My sister bought me two Donna Leon books for Christmas and I enjoyed reading them both in front of an open fire relaxing at home with my dog, before going back to work in January. The first was the first book in the Brunetti series: Death a la Fenice. It is set in Venice and follows the Commissario of Police, Guido Brunetti, as he tries to find out who poisoned the world-famous German conductor Helmut Wellauer in the middle of an opera performance. The conductor turns out to be a man with many enemies and a murky wartime past (the book is set in the early 1990s), so it is not easy untangling who might have done it. Unusually for a detective, Brunetti has a fulfilling home life, with a loving wife whom he enjoys returning to at the end of a trying day dealing with his demanding boss, with leads going nowhere and mounting pressure to solve the case. I have never been to Venice, but the novel conjures up the canals and streets in winter beautifully. It made me want to put on a thick, warm coat and go to Venice immediately (before it sinks).

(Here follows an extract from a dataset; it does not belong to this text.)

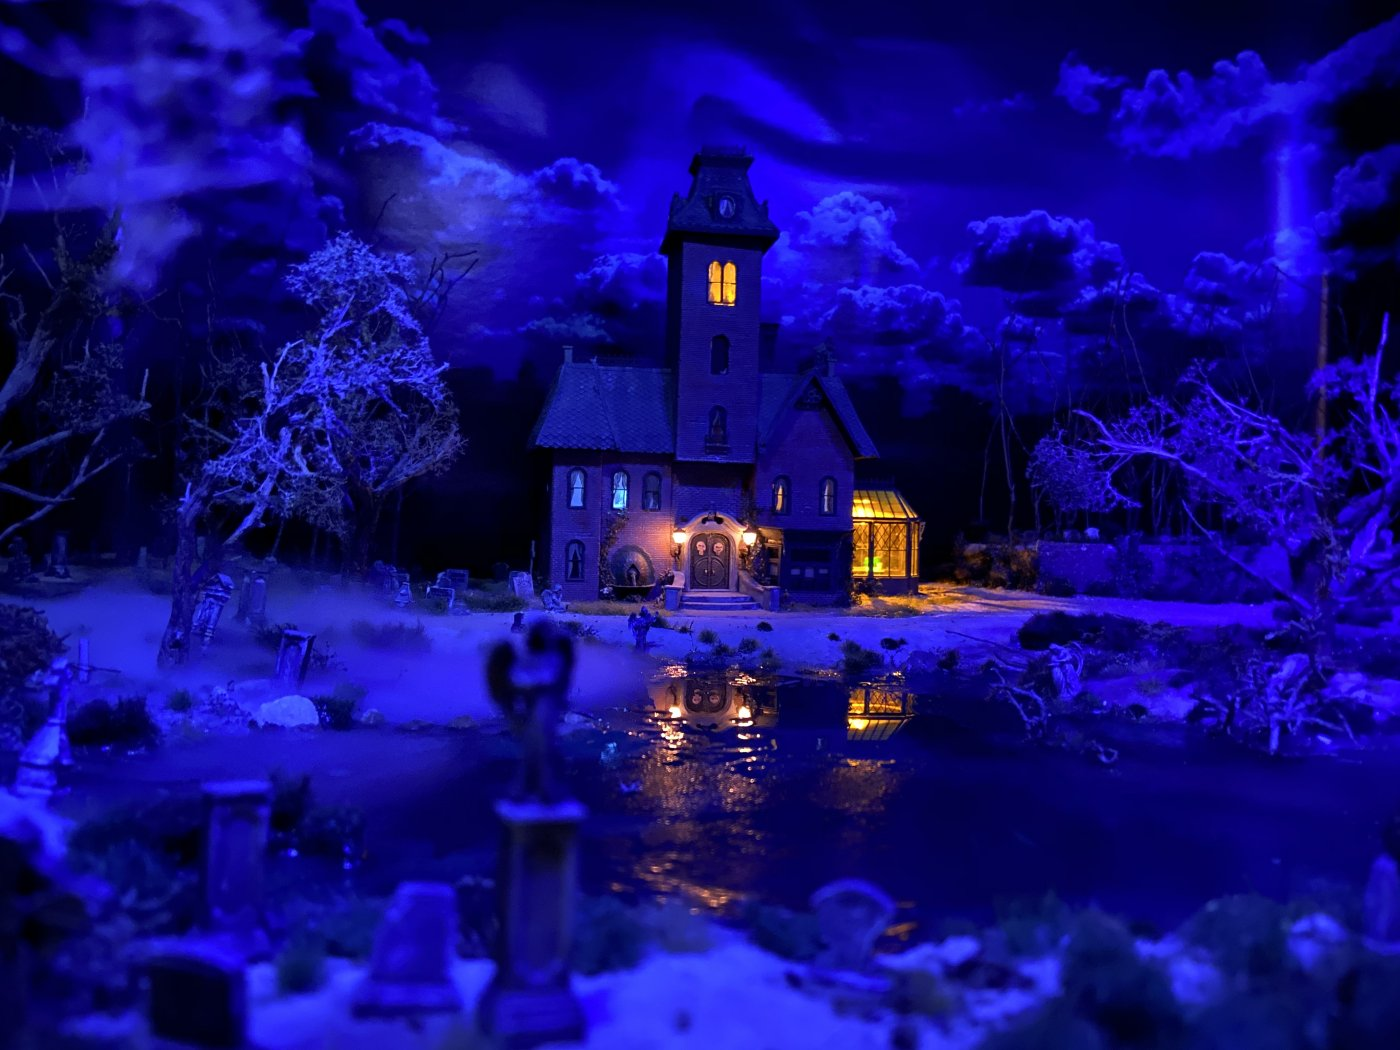 Grimm's Mansion Diorama 2020
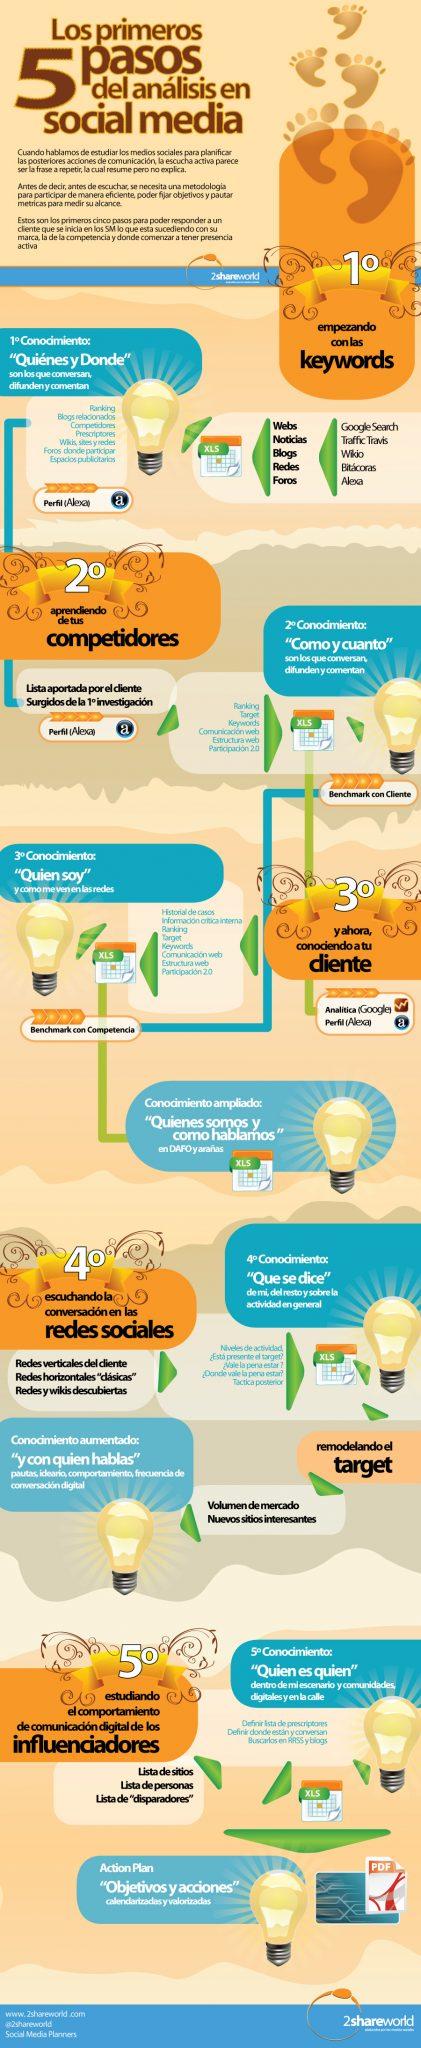 5 pasos analisis socialmedia

The second book in the series, Death in a Strange Country, starts with the discovery of an American body in one of Venice’s canals, and follows Brunetti as he finds out who the victim is and tries to get to the bottom of what has happened. It takes him to an American military base at Vicenza where something sinister is going on and where everyone is working hard to place blame elsewhere and to cover up what is really going on. Brunetti’s father-in-law, a Count, gets involved to help, there is a missing Monet painting to track down, and a pair of shoes to be disposed of when they become too dangerous to wear. Intrigued? You will be.